In my experience, it didn’t work for a 2.7M x 50k matrix with 270M non-zero values.

`np.savez`

solution worked well.

## Conclusion

(based on this simple test for CSR matrices)

`cPickle`

is the fastest method, but it doesn’t work with very large matrices, `np.savez`

is only slightly slower, while `io.mmwrite`

is much slower, produces bigger file and restores to the wrong format. So `np.savez`

is the winner here.

Now you can use `scipy.sparse.save_npz`

:

https://docs.scipy.org/doc/scipy/reference/generated/scipy.sparse.save_npz.html

As of scipy 0.19.0, you can save and load sparse matrices this way:

```
from scipy import sparse
data = sparse.csr_matrix((3, 4))
#Save
sparse.save_npz('data_sparse.npz', data)
#Load
data = sparse.load_npz("data_sparse.npz")
```

*EDIT* Apparently it is simple enough to:

```
def sparse_matrix_tuples(m):
yield from m.todok().items()
```

Which will yield a `((i, j), value)`

tuples, which are easy to serialize and deserialize. Not sure how it compares performance-wise with the code below for `csr_matrix`

, but it’s definitely simpler. I’m leaving the original answer below as I hope it’s informative.

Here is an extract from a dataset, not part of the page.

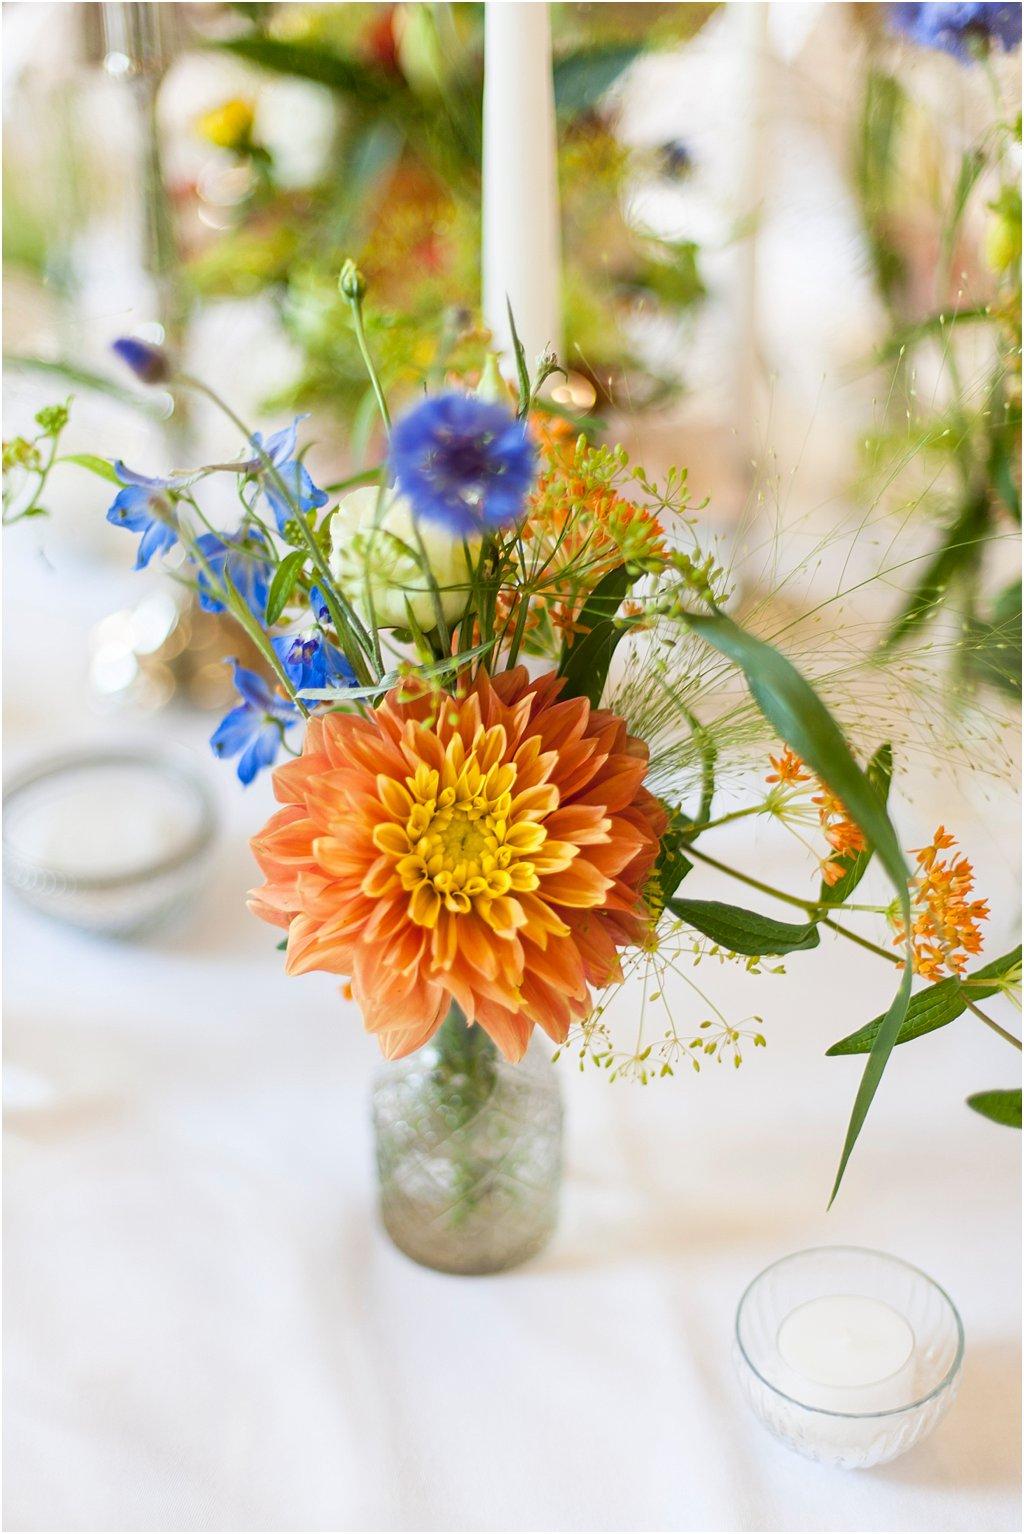 Blumen Folklore bunt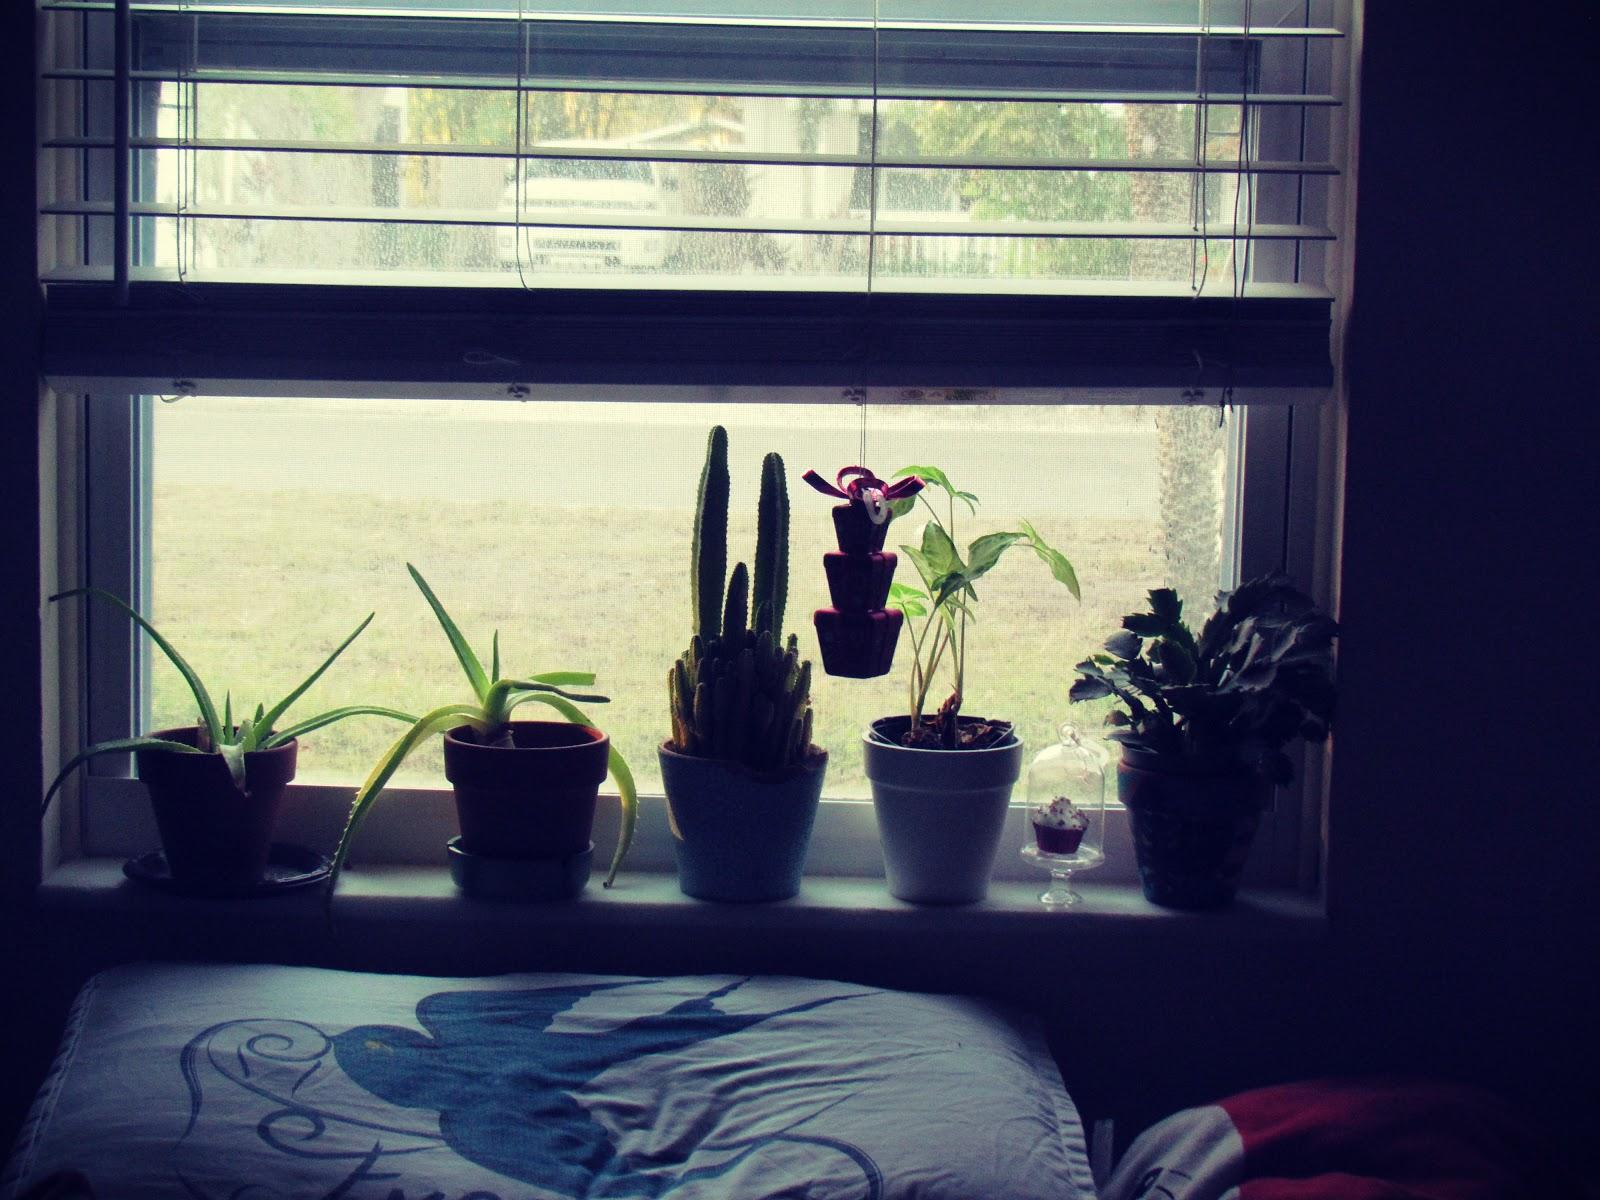 A Plant Windowsill Garden + Urban Garden Planning Development

Adding my two cents: for me, `npz`

is not portable as I can’t use it to export my matrix easily to non-Python clients (e.g. PostgreSQL — glad to be corrected). So I would have liked to get CSV output for the sparse matrix (much like you would get it you `print()`

the sparse matrix). How to achieve this depends on the representation of the sparse matrix. For a CSR matrix, the following code spits out CSV output. You can adapt for other representations.

```
import numpy as np
def csr_matrix_tuples(m):
# not using unique will lag on empty elements
uindptr, uindptr_i = np.unique(m.indptr, return_index=True)
for i, (start_index, end_index) in zip(uindptr_i, zip(uindptr[:-1], uindptr[1:])):
for j, data in zip(m.indices[start_index:end_index], m.data[start_index:end_index]):
yield (i, j, data)
for i, j, data in csr_matrix_tuples(my_csr_matrix):
print(i, j, data, sep=',')
```

It’s about 2 times slower than `save_npz`

in the current implementation, from what I’ve tested.

This works for me:

```
import numpy as np
import scipy.sparse as sp
x = sp.csr_matrix([1,2,3])
y = sp.csr_matrix([2,3,4])
np.savez(file, x=x, y=y)
npz = np.load(file)
>>> npz['x'].tolist()
<1x3 sparse matrix of type '<class 'numpy.int64'>'
with 3 stored elements in Compressed Sparse Row format>
>>> npz['x'].tolist().toarray()
array([[1, 2, 3]], dtype=int64)
```

The trick was to call `.tolist()`

to convert the shape 0 object array to the original object.